Jenny Ting, PhD
|William Rand Kenan Professor
Dept. of Genetics
Director, Center for Translational Immunology
School of Medicine
University of North Carolina at Chapel Hill
Jenny Ting studies innate immune sensors and receptors and their roles in infection, cancer and inflammation. Her group first described the human NLR gene family to include a few known and sixteen new genes. She has studied the divergent roles of this family and has uncovered their roles in transcriptional activation, cytokine processing, cell death and autophagy. Her group was among the first to show the unexpected finding that NLRP3, ASC and caspase 1/11 protected against colitis and colitis-associated colon cancer. She also showed that these same players can activate an inflammatory response to a high fat diet, specifically in response to saturated fatty acid.

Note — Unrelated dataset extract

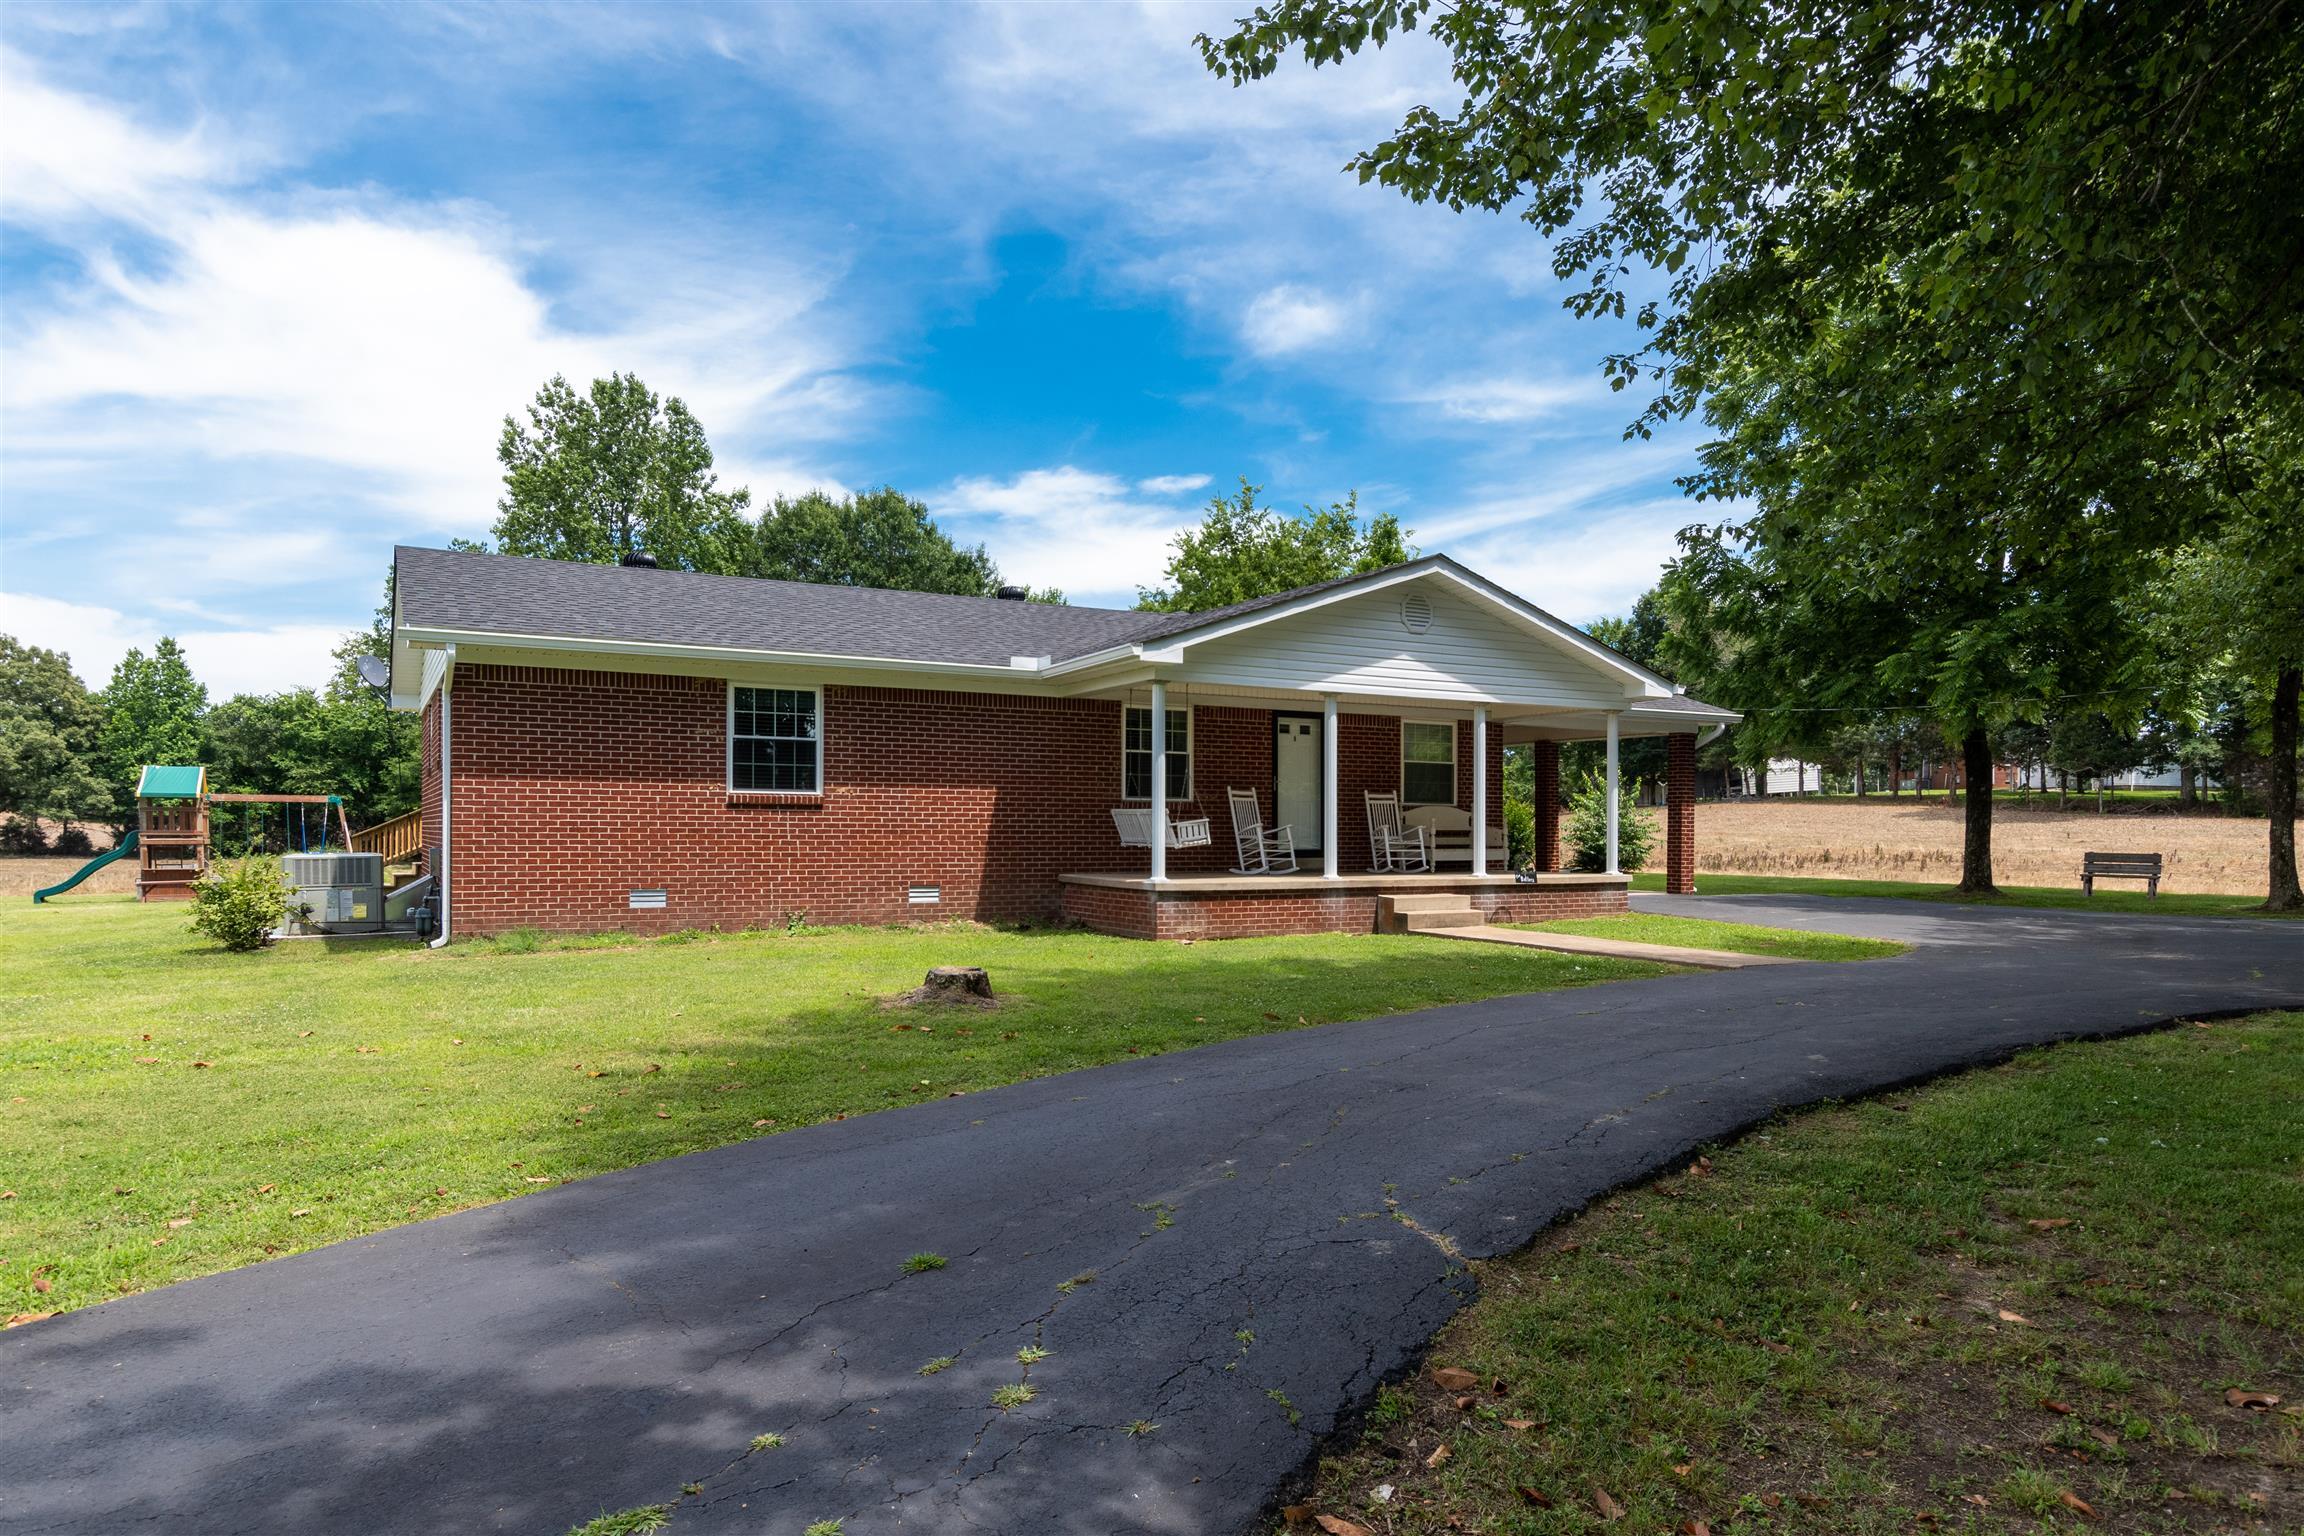 88 Cub Creek Hall Rd, Parsons, TN 38363 - Parsons, TN real estate listing

A number of NLRs referred to as “inhibitory NLRs”, serve as negative regulators of cell signaling pathways such as NFkB, MAPK and STAT. Interestingly these proteins play an anti-inflammatory role by keeping in check a signaling threshold, thus preventing inflammatory diseases. With translational and clinical relevance in mind, her group has published several papers indicating that while expression of the inflammasome NLRs is enhanced in inflammatory conditions, the expression of inhibitory NLRs (iNLR’s) is decreased, which is consistent with their negative regulatory functions. Recently they have linked iNLRs and the maintenance of a protective microbiome, and have shown that specific bacteria can mediate anti-inflammatory functions.
Relevance of Research to CGIBD Mission: Dr. Ting’s lab has conducted important research on the NLR gene family. Members of this family protect against colitis and colitis associated colon cancer. She is an active collaborator with a number of CGIBD members.